First though, I paid someone to be my guide into the publishing world because I thought it would be good for advice + accountability. Yet, after 50+ years of being me, I'm finally admitting that I usually do/don't do what I want regardless of whether it's good for me or an egregious waste of money. My writing workshop leader is wonderful and I do not begrudge her in any way the fee or cost of her book - I have found a lot of the planning tips & goal setting worksheets useful, and checking in on the web forum every week [or three] with her and other writers also helps me to put my thoughts & ideas in order. But it has also made me realize, after a few months of frenzied and slightly distressing submissions to poetry journals, that Being A Writer is not really what I want to do; I just want to write.

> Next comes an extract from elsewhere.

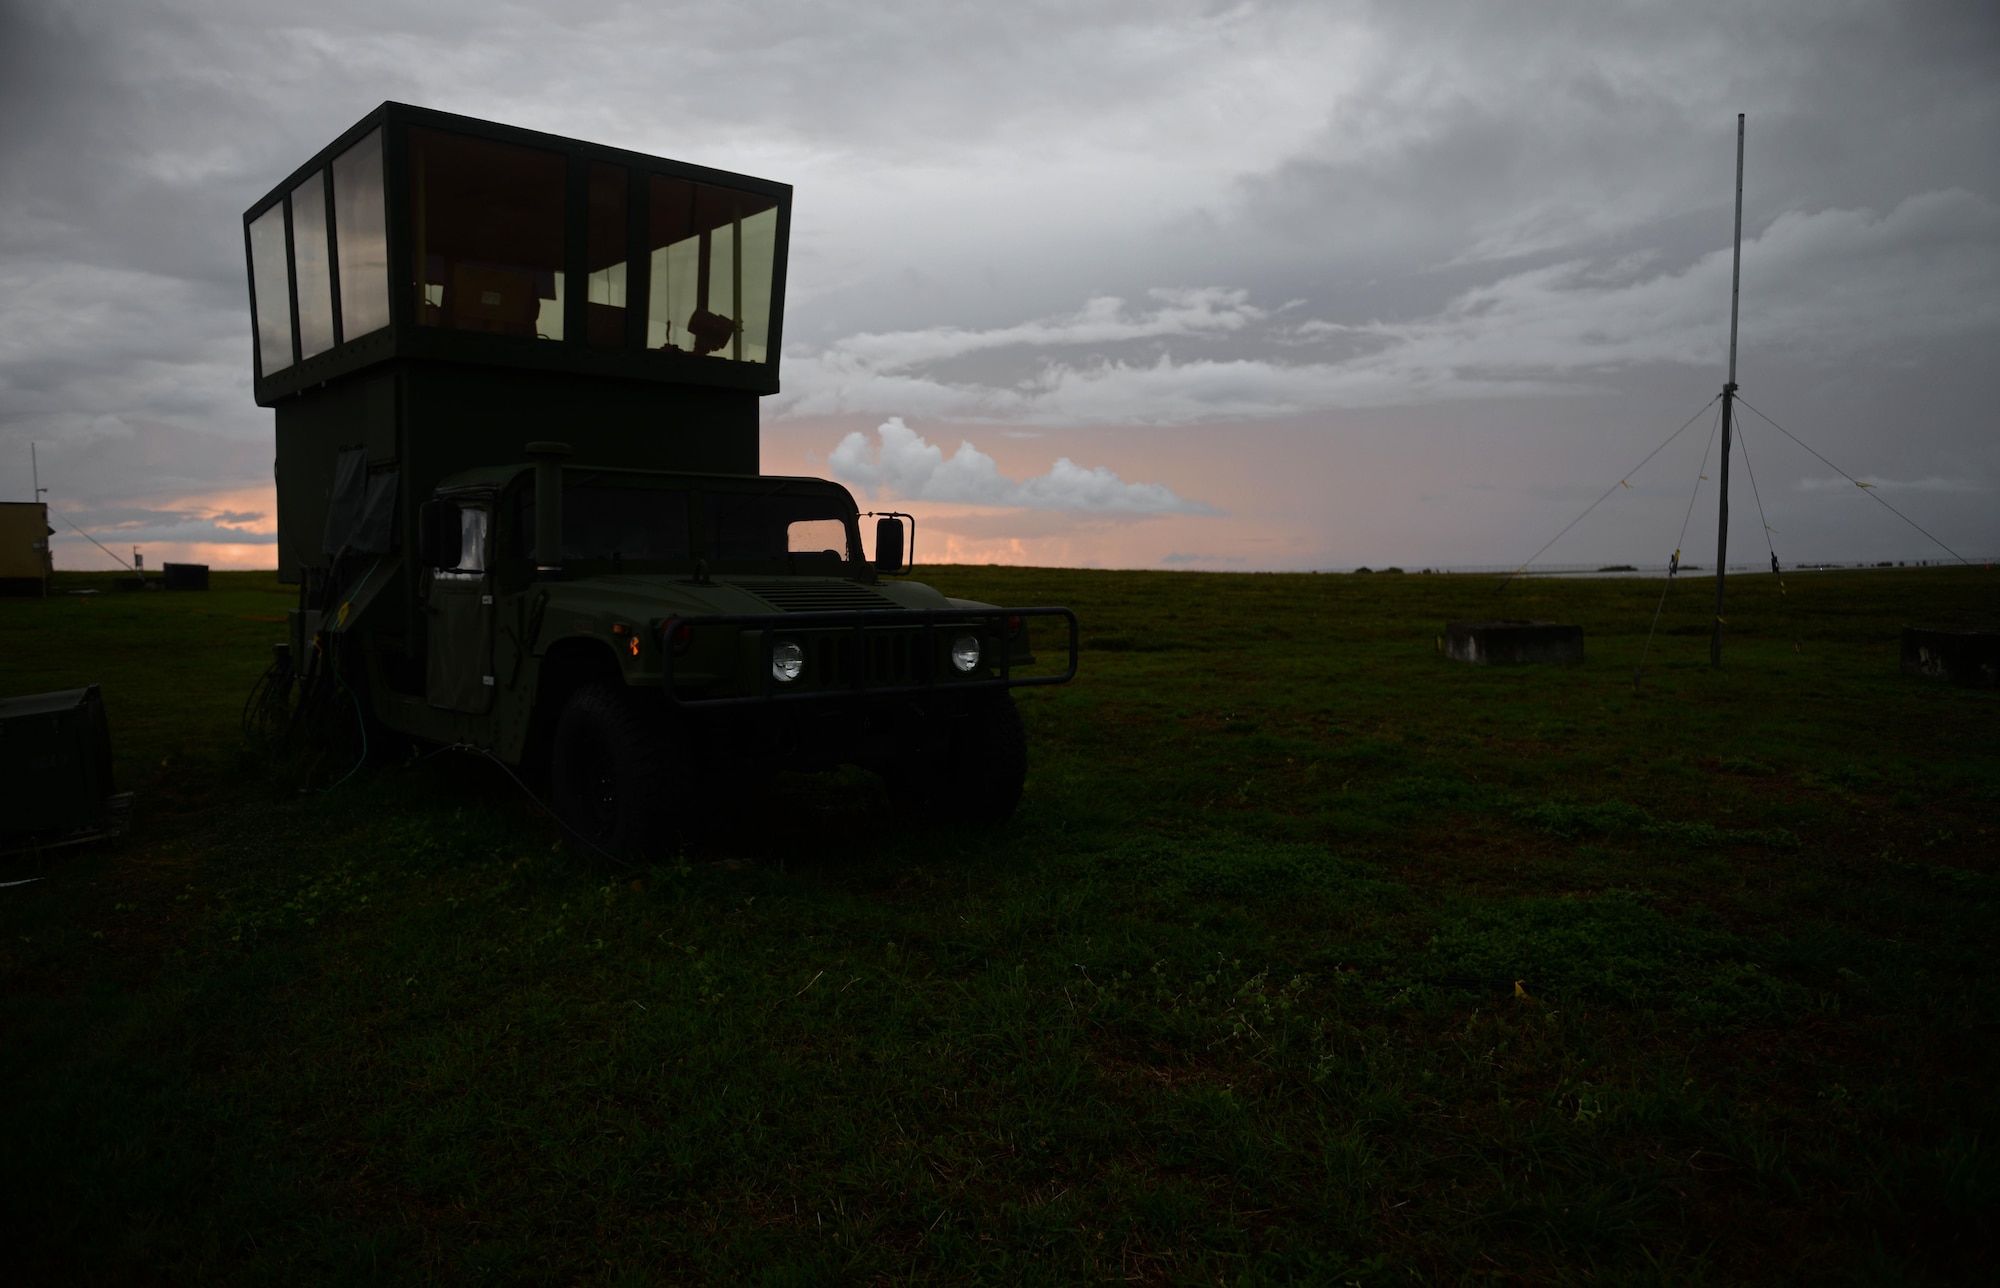 The sun rises behind an MSN-7 mobile control tower parked on the flightline June 20, 2017, at Andersen Air Force Base, Guam. Air traffic control Airmen assigned to the 36th Operation Support Squadron began work in the new tower cab here June 30 after spending almost three months working in the mobile tower unit on the flightline. (U.S. Air Force photo by Senior Airman Alexa Ann Henderson)

The first two places I sent poems this year both accepted my work right away; at the time this certainly meant I was a Capital P Poet at long last, so I set up a daily writing & revising schedule then chose ridiculously esoteric places to submit. But when the rejection emails began to arrive, mercifully staggered and gentle yet still disheartening I, in dismal role model fashion, abandoned my routine and went back to simply writing every few days while eating breakfast on my porch, revising occasionally because something lodges in my brain for hours, only considering submission to small obscure journals craving content.

I like writing. I sometimes savor revision. And of course I appreciate recognition, but that isn't the goal.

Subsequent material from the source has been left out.